On 12/08/2014 03:15 PM, Nathaniel McCallum wrote:
> On Mon, 2014-12-08 at 12:27 +0100, Petr Viktorin wrote:
>> On 12/05/2014 11:51 PM, Nathaniel McCallum wrote:
>>> So I've been working this week on porting the OTP tests that were
>>> manually coded to the new pytest framework. Now, I'm the first to want
>>> better tooling to make our job easier. But, pytest? Meh. I'm having to
>>> write just as much code (or more) to get my tests on par with pytest,
>>> and they are riddled with subtle bugs.
>>
>> Hi,
>> Yeah, IPA runs into specific situations that are very different from how
>> tests usually work in other projects.
>
> Yeah, this I get.
>
>> And you took one of the harder cases.
>> IPA's existing tests also don't really follow best practices – they
>> pretty much assume you run the whole test suite, or at least the whole
>> module, so selecting individual tests is currently not reliable. On the
>> other hand, this assumption made some things easy to code – like
>> complicated ordering and setup/teardown.
>
> I think this is pretty much a red herring. It isn't so much about setup
> and teardown but about mutually exclusive parameterization. It is a poor
> assumption on the part of pytest that the lifecycles of parameters
> overlap.
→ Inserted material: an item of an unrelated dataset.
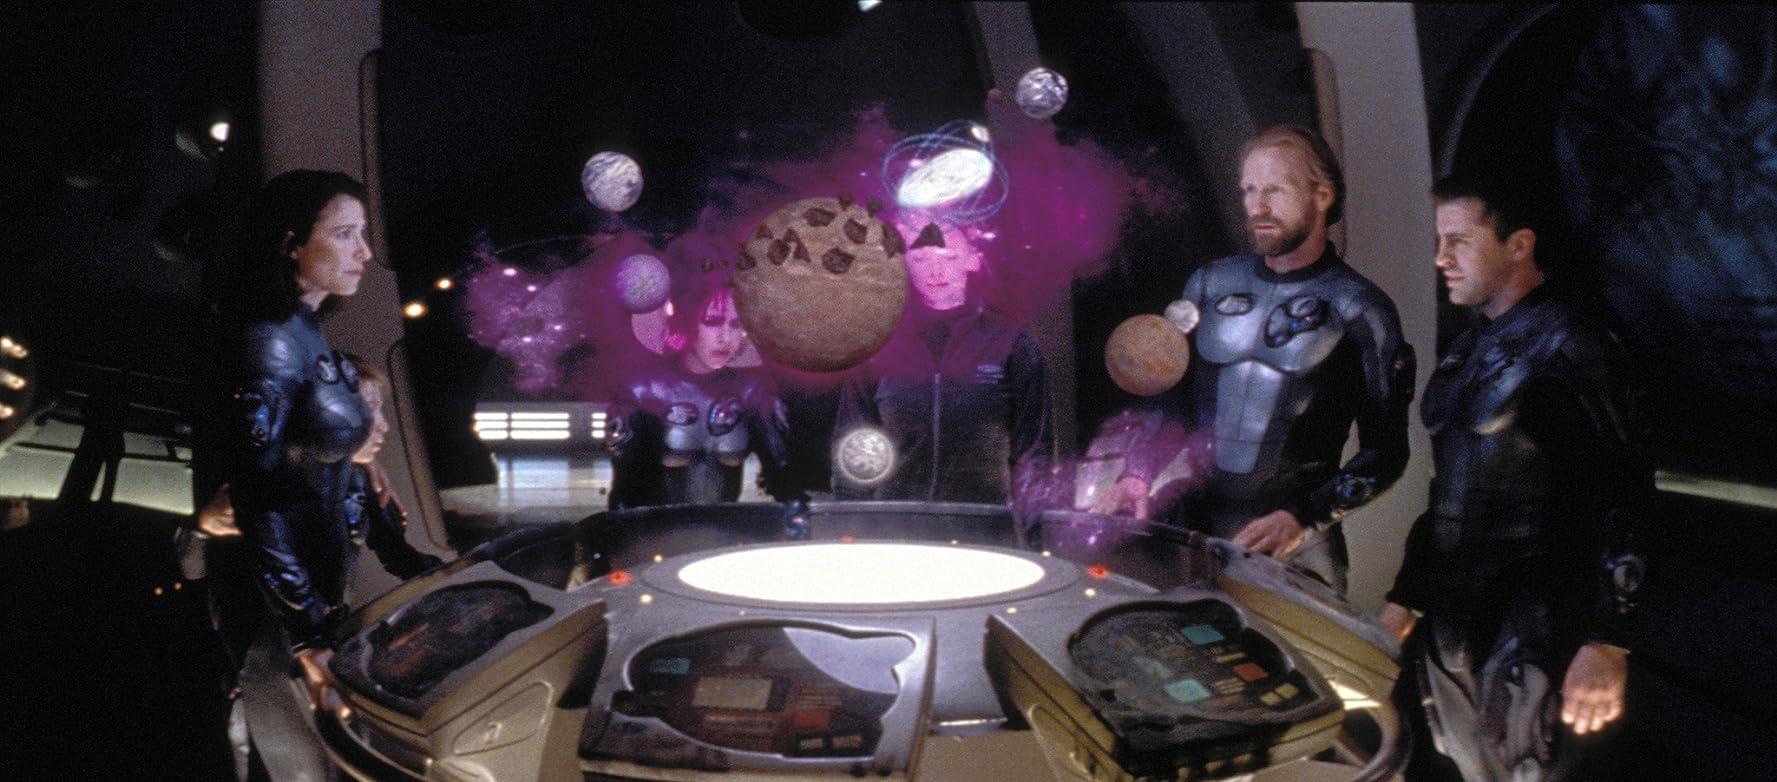 Mimi Rogers, Lacey Chabert, William Hurt, Heather Graham, Matt LeBlanc, and Jack Johnson in Lost in Space (1998)

At the least, an option should be provided to control this.
>
>> One thing we want to do during the move to pytest is to have the tests
>> be more independent of the current state of the database, and also of
>> each other.
>
> Sure, this is a fine goal. Unless of course you want to test the
> functionality of the code against all possible database states. I think
> pretty much every xmlrpc test will have some component of this.
>
>> If certain assertions only make sense in a specific order, either put
>> them in the same test*, or write additional code that explicitly handles
>> dependencies and ordering. (Sorry, that's the price to pay for isolated
>> tests – I don't see a way around it.)
>
> In an ideal world, we define a test and all possible parameters to that
> test and allow the running of that test independently by choosing from
> the proscribed inputs. This all works fine so long as you specify a way
> to indicate when inputs are mutually exclusive. Since inputs are single
> valued anyway, this should be the default behavior. Unfortunately,
> pytest fails on both of these counts.
>
>> If on the other hand the order doesn't matter – any order of any subset
>> of individual tests should pass, which is our goal – but pytest's
>> default ordering makes the suite slow, there is a hook that allows you
>> to override the order: pytest_collection_modifyitems [0]. Stick it in
>> the affected module (or conftest.py file for multiple modules, or a
>> plugin for the whole suite), and sort the items explicitly.
>
> The problem isn't (I think) ordering but lifecycle. I think that if I
> scope the fixture to the function but reorder the items, they will still
> be constructed and torn down for every single function iteration. On the
> other hand, if I scope the fixture for a longer lifecycle, the
> parameters may not be mutually exclusive.
>
>> If your test depends on something not existing or being disabled, you
>> should try removing/disabling it before the test, or write a fixture to
>> do that.
>
> That's not the problem. The problem is that I can't define parameters
> for a single object which sets the same variable to different values.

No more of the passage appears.